# Animation



## .basti (22. Feb 2022)

Guten Abend,
ich hab mit Unity eine Animation aus 4 verschiedenen Sprites erstellt und wollte fragen ob es möglich ist diese in mein Spiel einzubauen. Wenn ich nach rechts laufe soll zum Beispiel eine Animation ablaufen und wenn ich nach links laufe dann eine andere. Ich hab bisher nur die Möglichkeiten gefunden die Bilder alle einzeln in meiner Klasse zu laden, aber das erscheint mir bisschen aufwendig und deswegen will ich fragen ob es auch eine Methode über diesen Weg gibt.


----------



## Gelöschtes Mitglied 65838 (23. Feb 2022)

ist dein spiel in unity geschrieben oder in java  ?

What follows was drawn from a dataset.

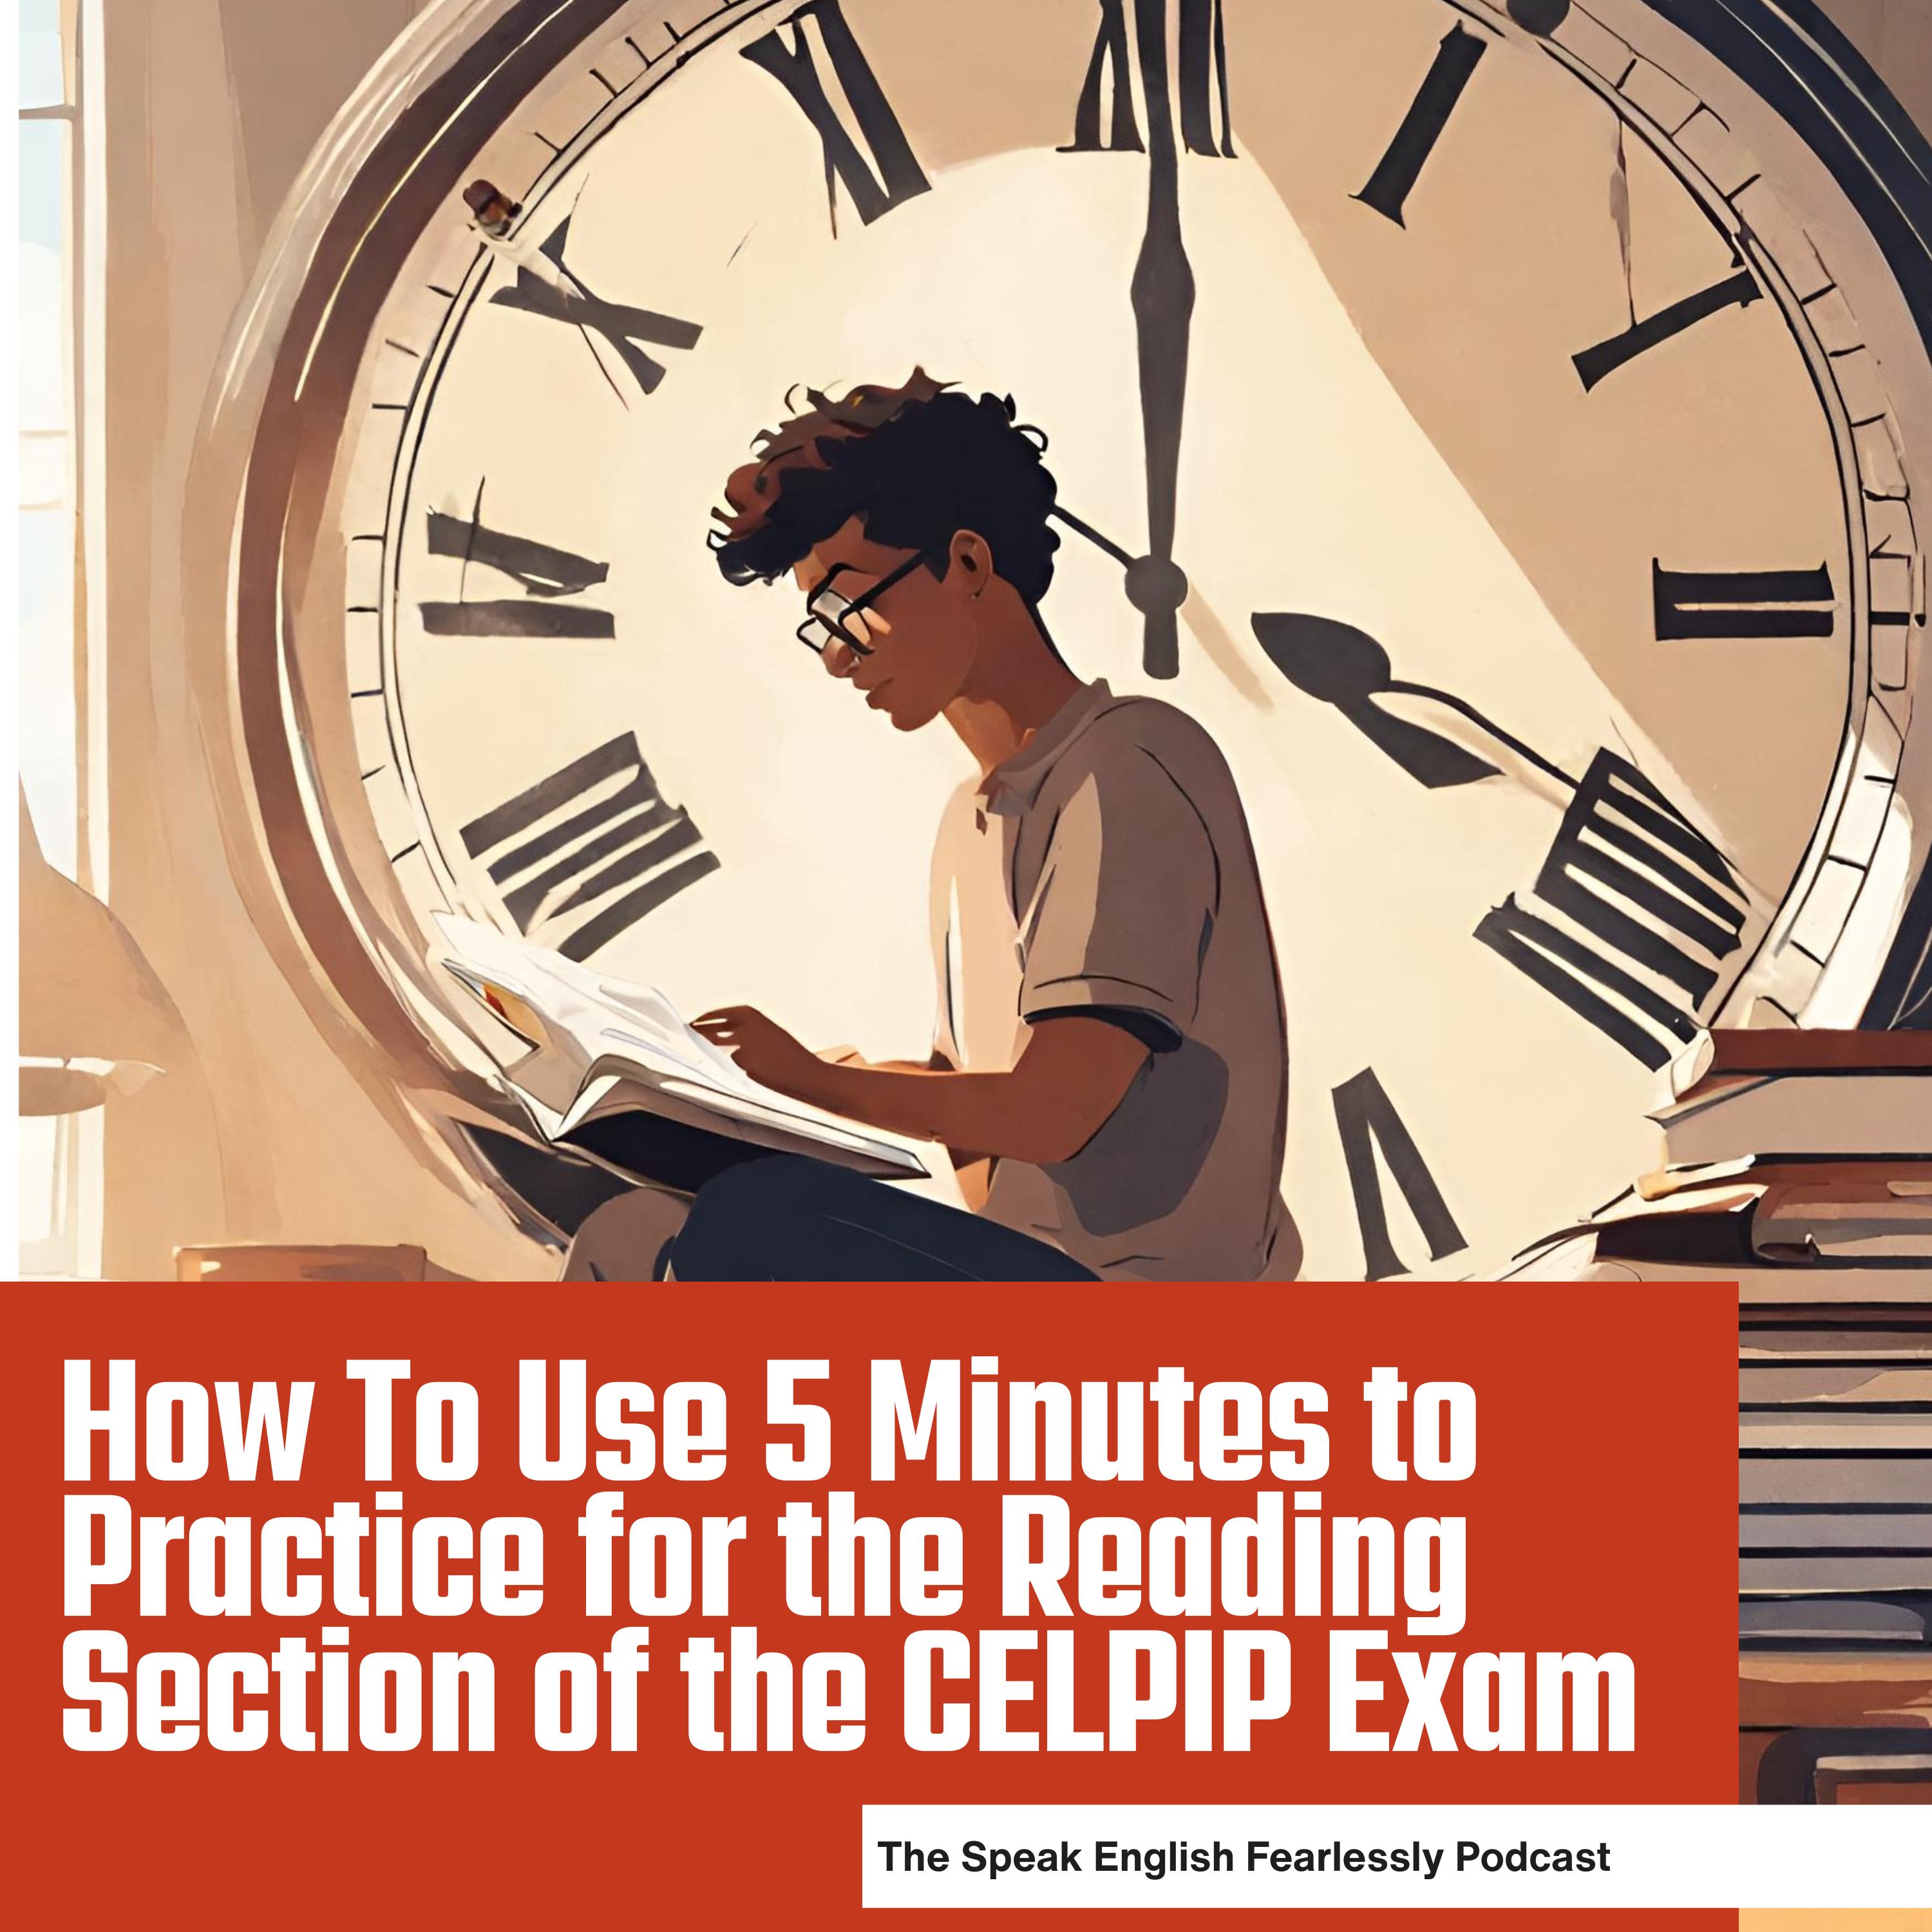 How To Use 5 Minutes to Practice For the Reading Section Of The CELPIP Exam

und nein bilder einzeln laden... dafür ist deine engine zuständig wie sich das mesh dementsprechend ändert


----------



## .basti (23. Feb 2022)

hab das spiel in java geschrieben. 
oke naja dann lade ich alle einzeln danke für die hilfe


----------



## mihe7 (23. Feb 2022)

Zwar kenne ich mich mit dem Spielezeug nicht aus, aber Du könntest doch die vier Bilder z. B. nebeneinander in eines packen und beim Malen nur den entsprechenden Ausschnitt wählen.


----------



## Gelöschtes Mitglied 65838 (23. Feb 2022)

warum willst du in unity eine animation machen und das spiel dann in java schreiben ?


----------